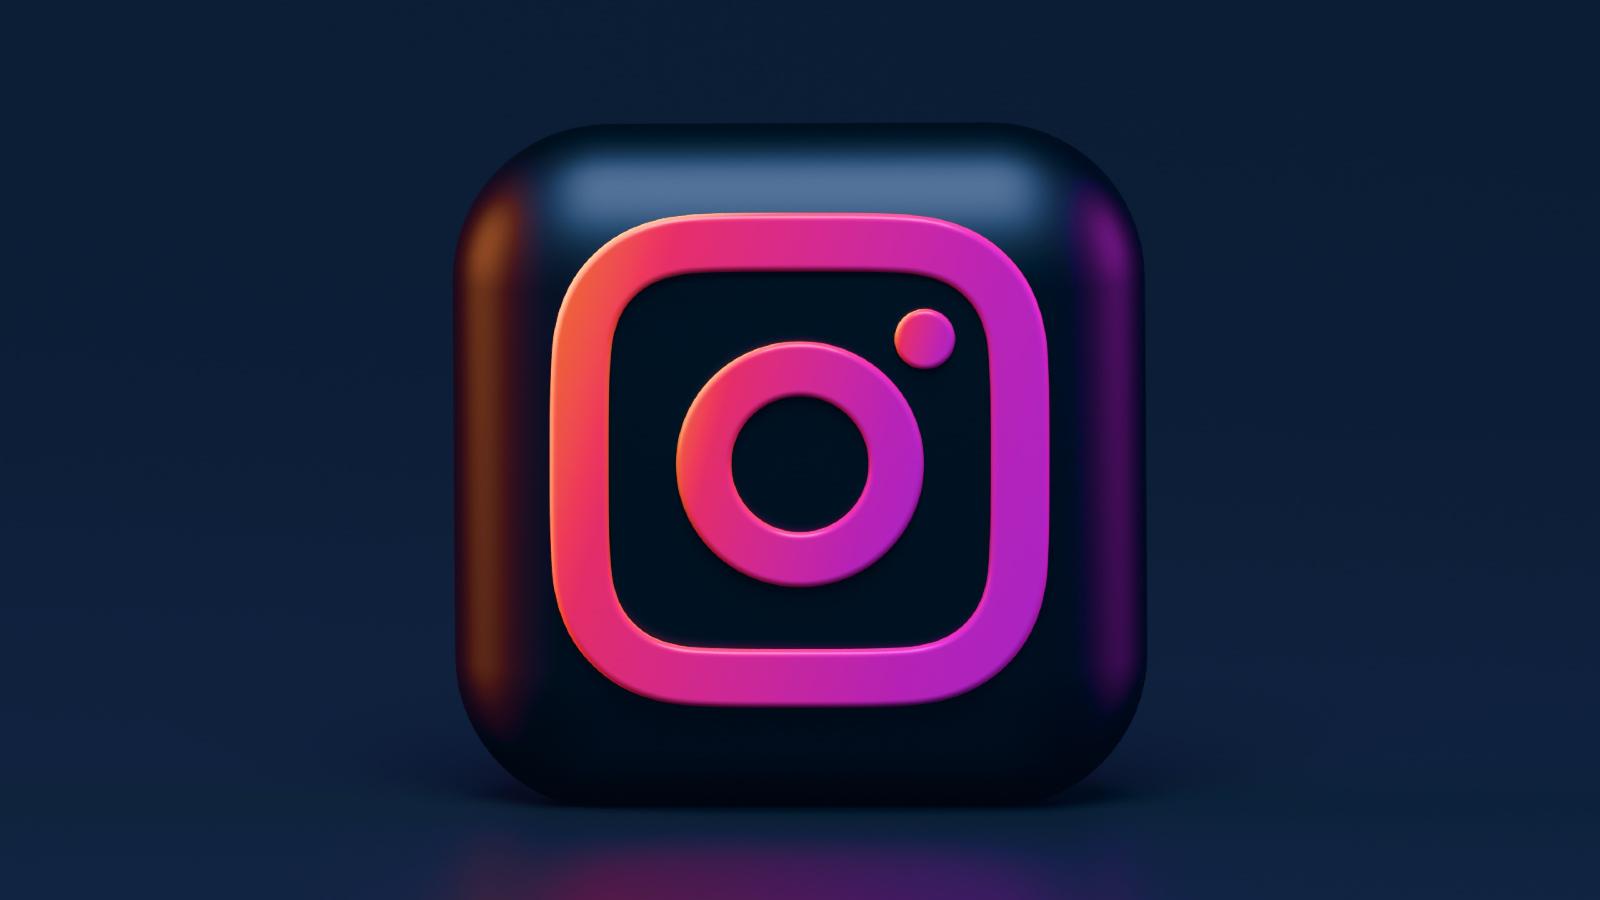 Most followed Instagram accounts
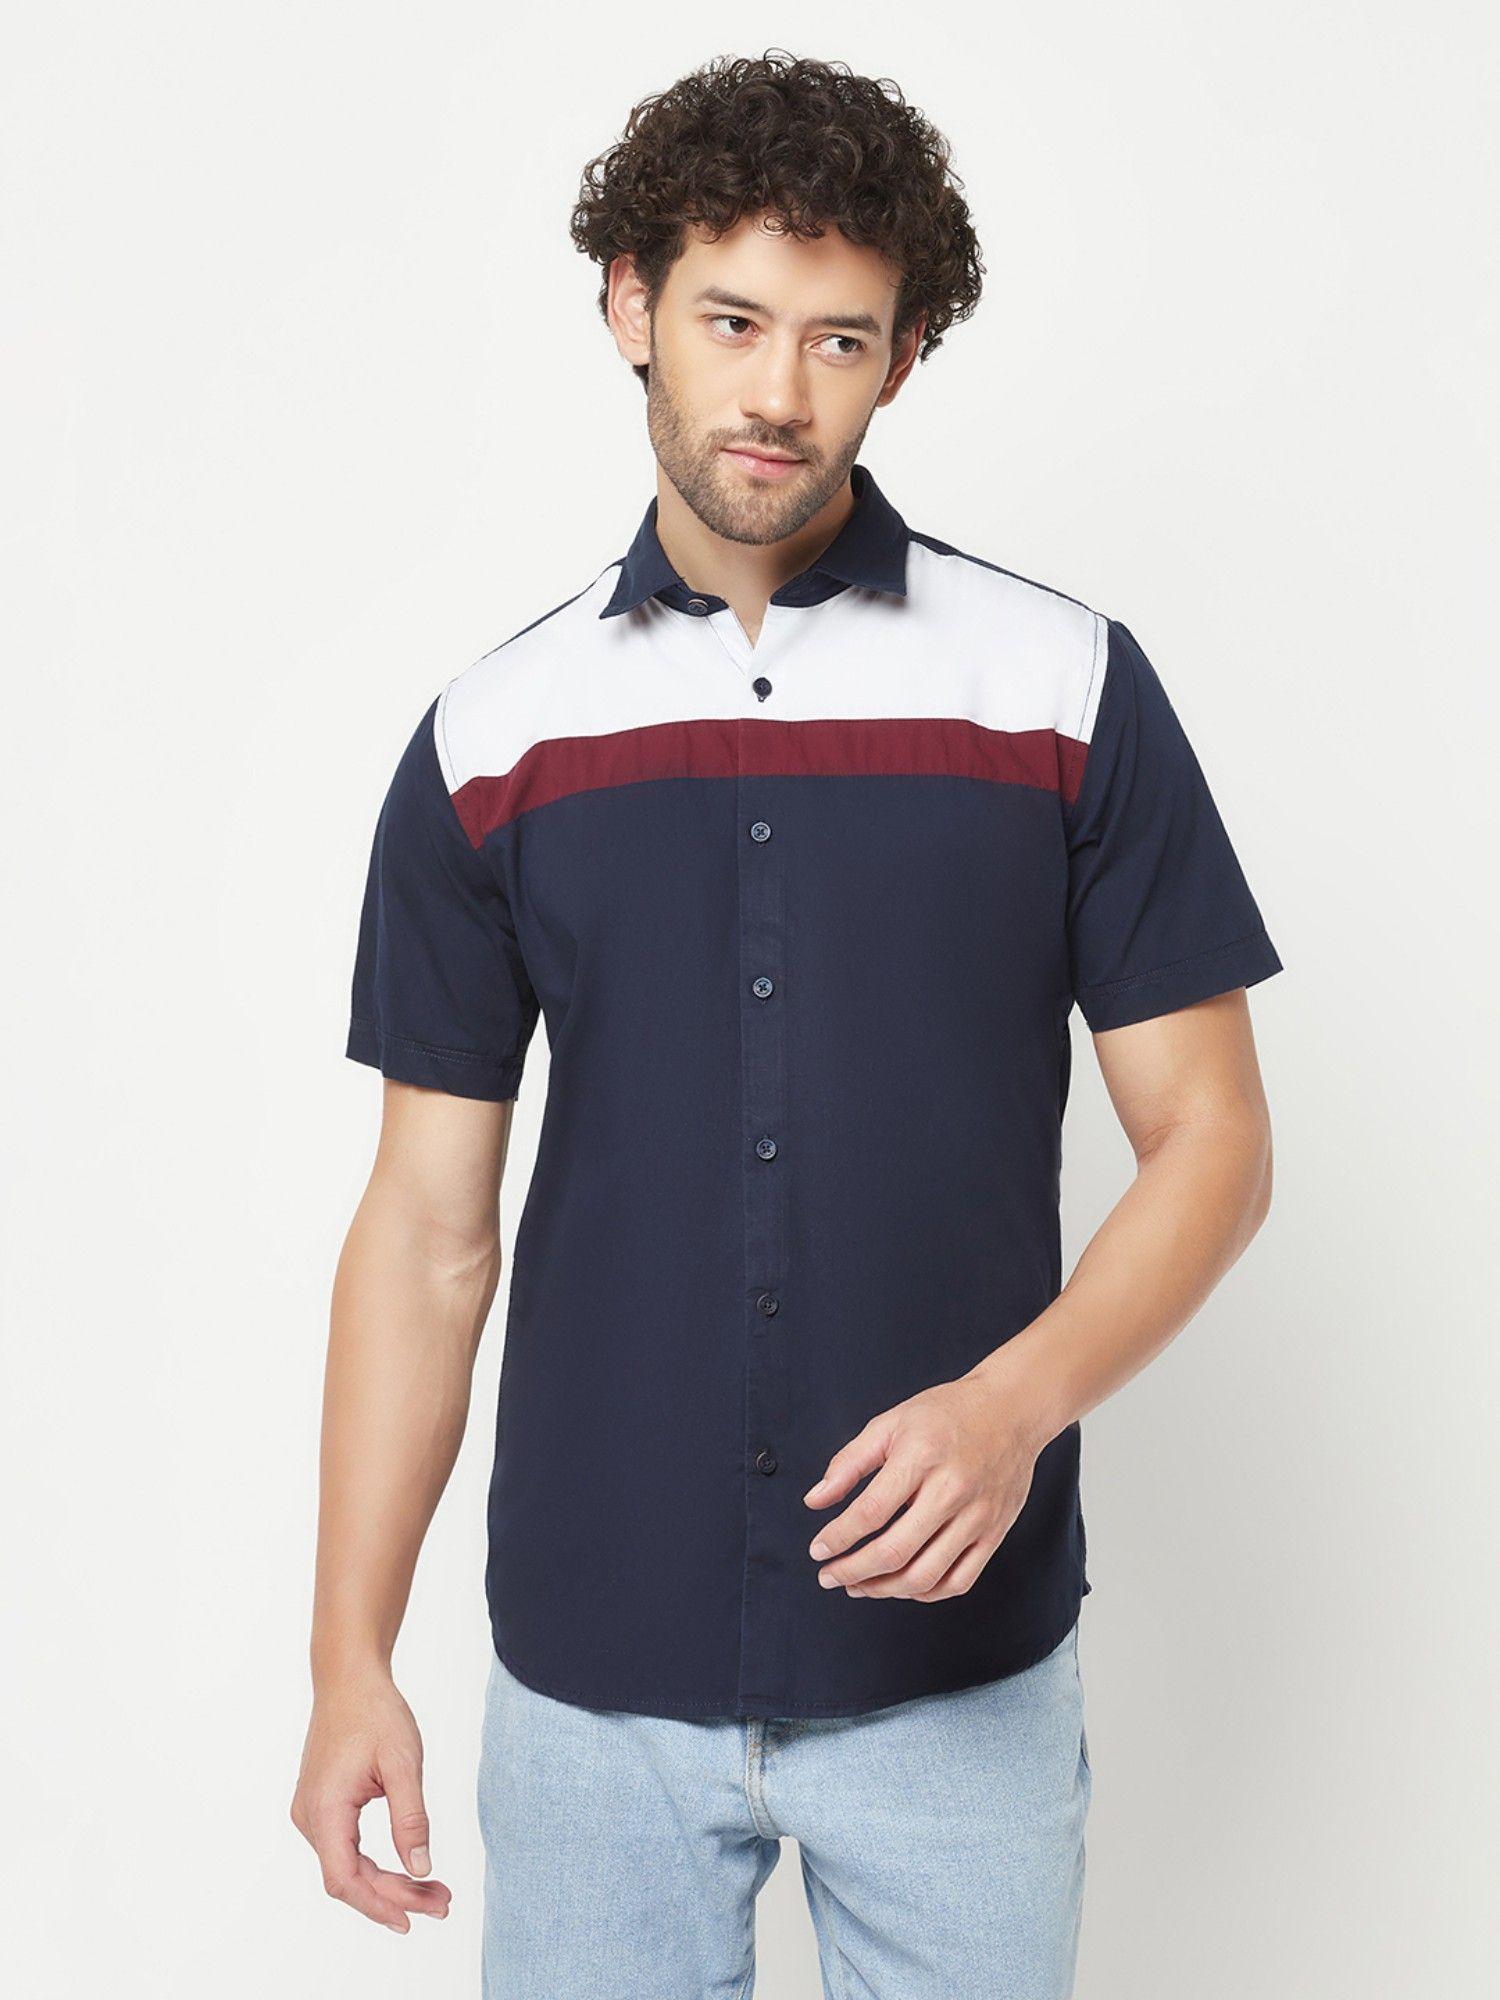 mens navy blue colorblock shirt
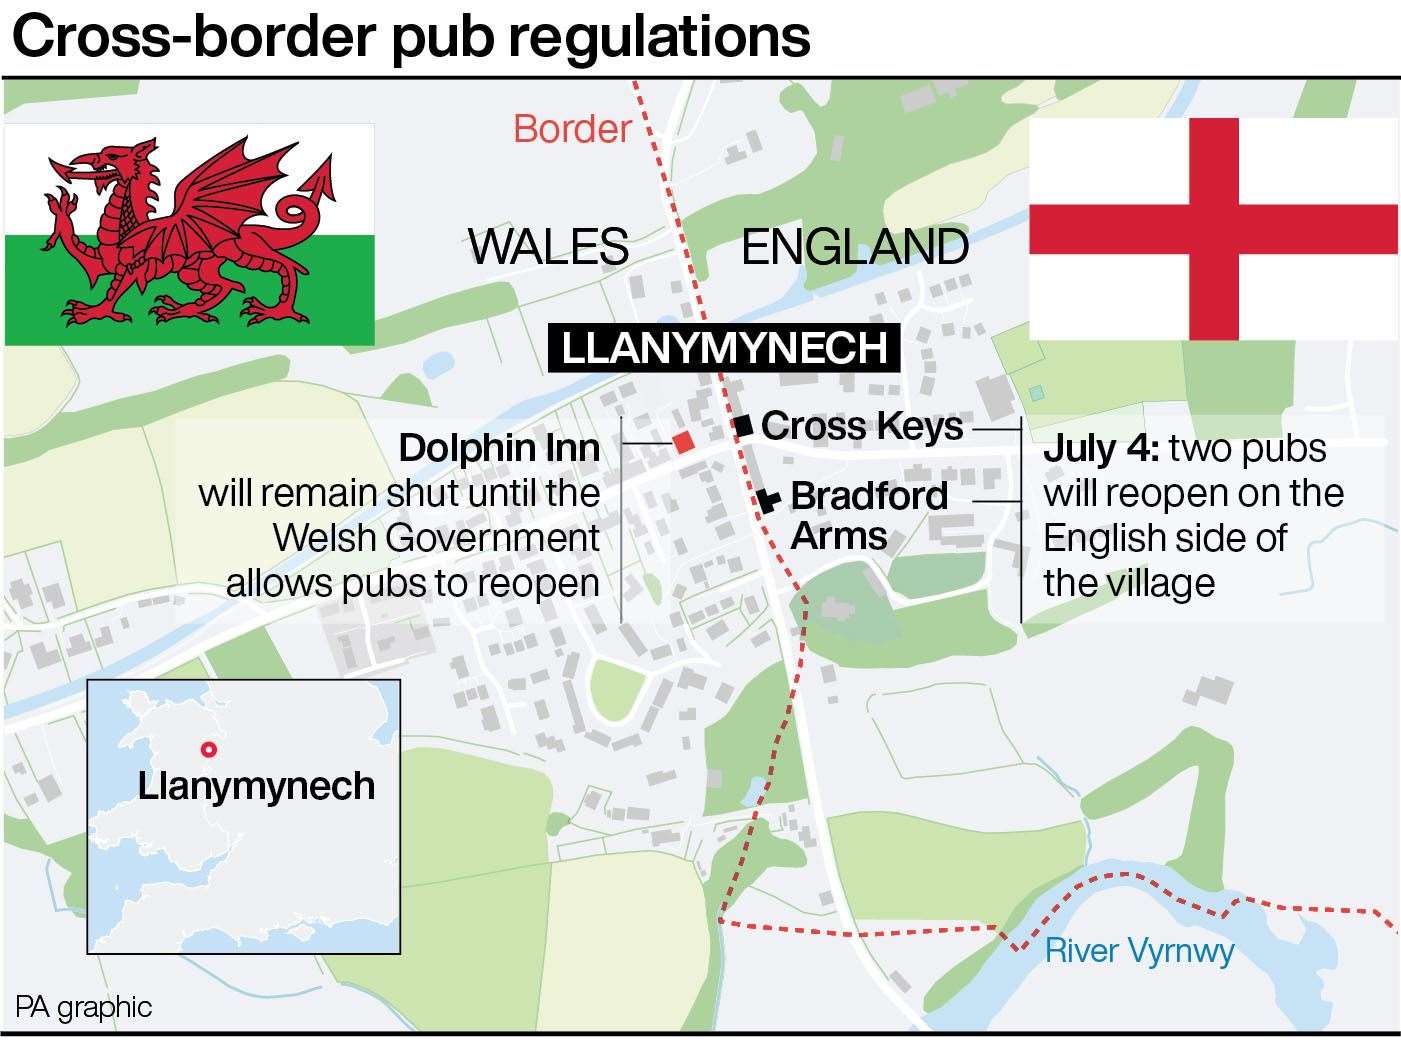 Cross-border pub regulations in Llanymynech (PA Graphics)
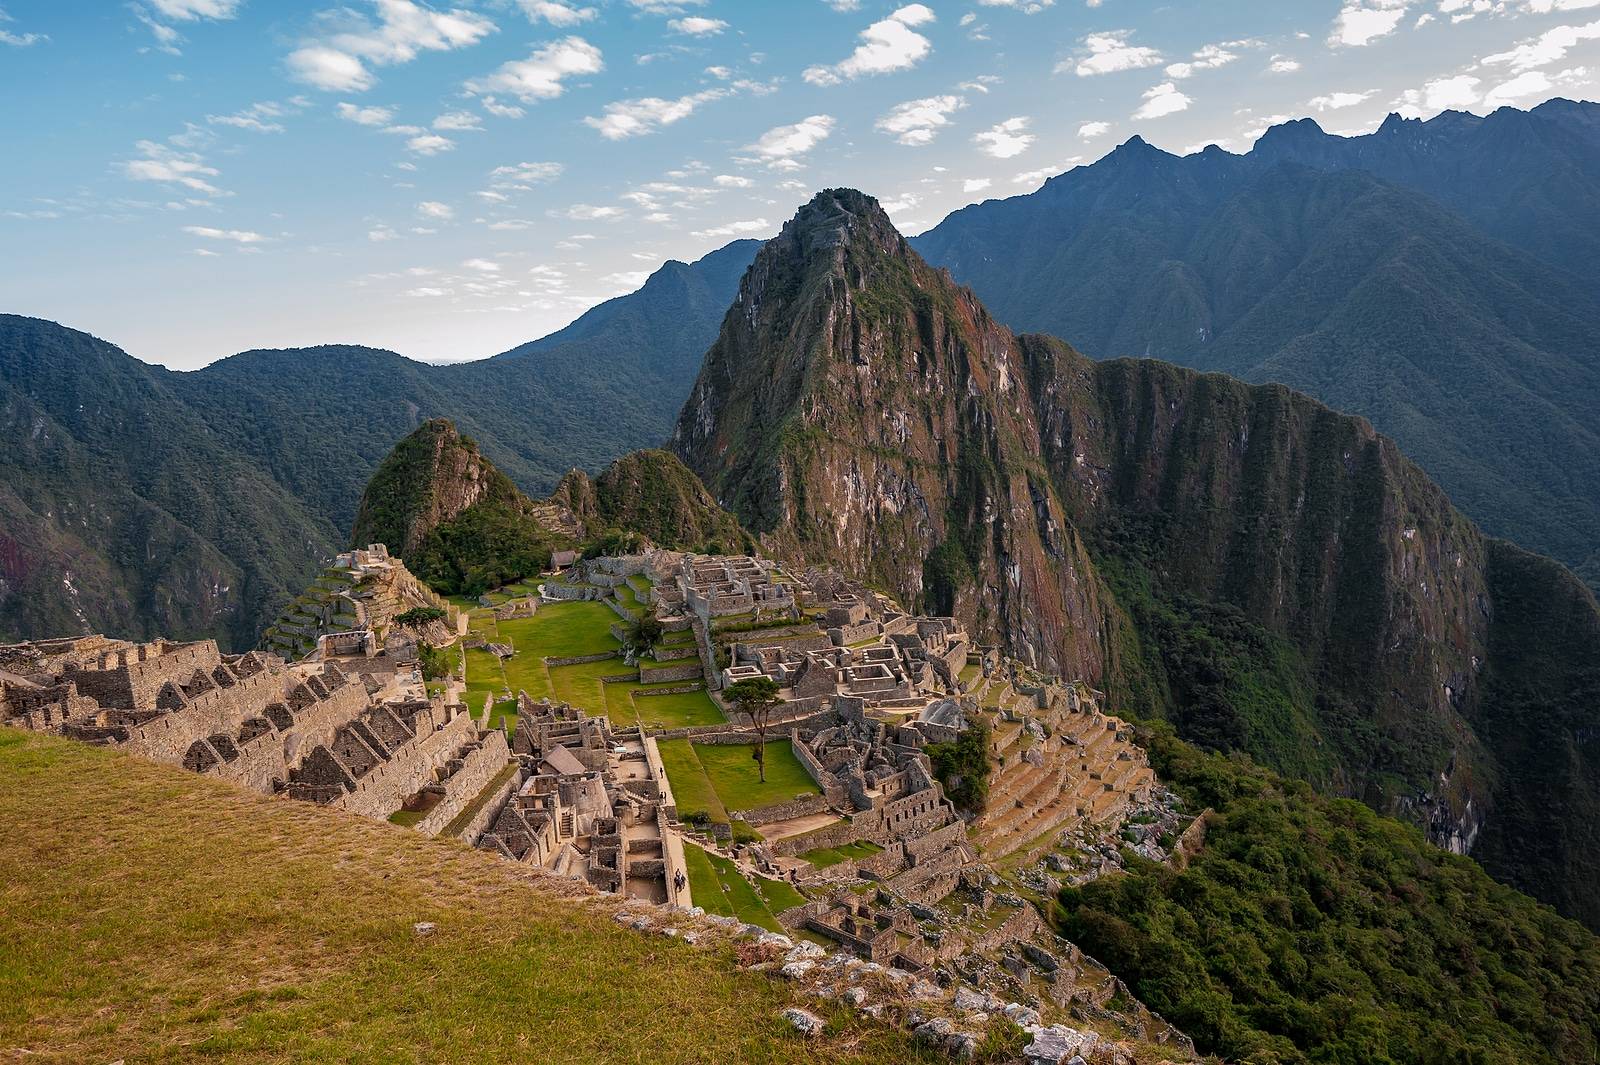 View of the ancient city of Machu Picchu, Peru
══════════════════════════════
Brief: When you write out the data, keep every line exact and drop the pictures.

Written reply:
 Most followed Instagram accounts
 mens navy blue colorblock shirt
 Cross-border pub regulations in Llanymynech (PA Graphics)
 View of the ancient city of Machu Picchu, Peru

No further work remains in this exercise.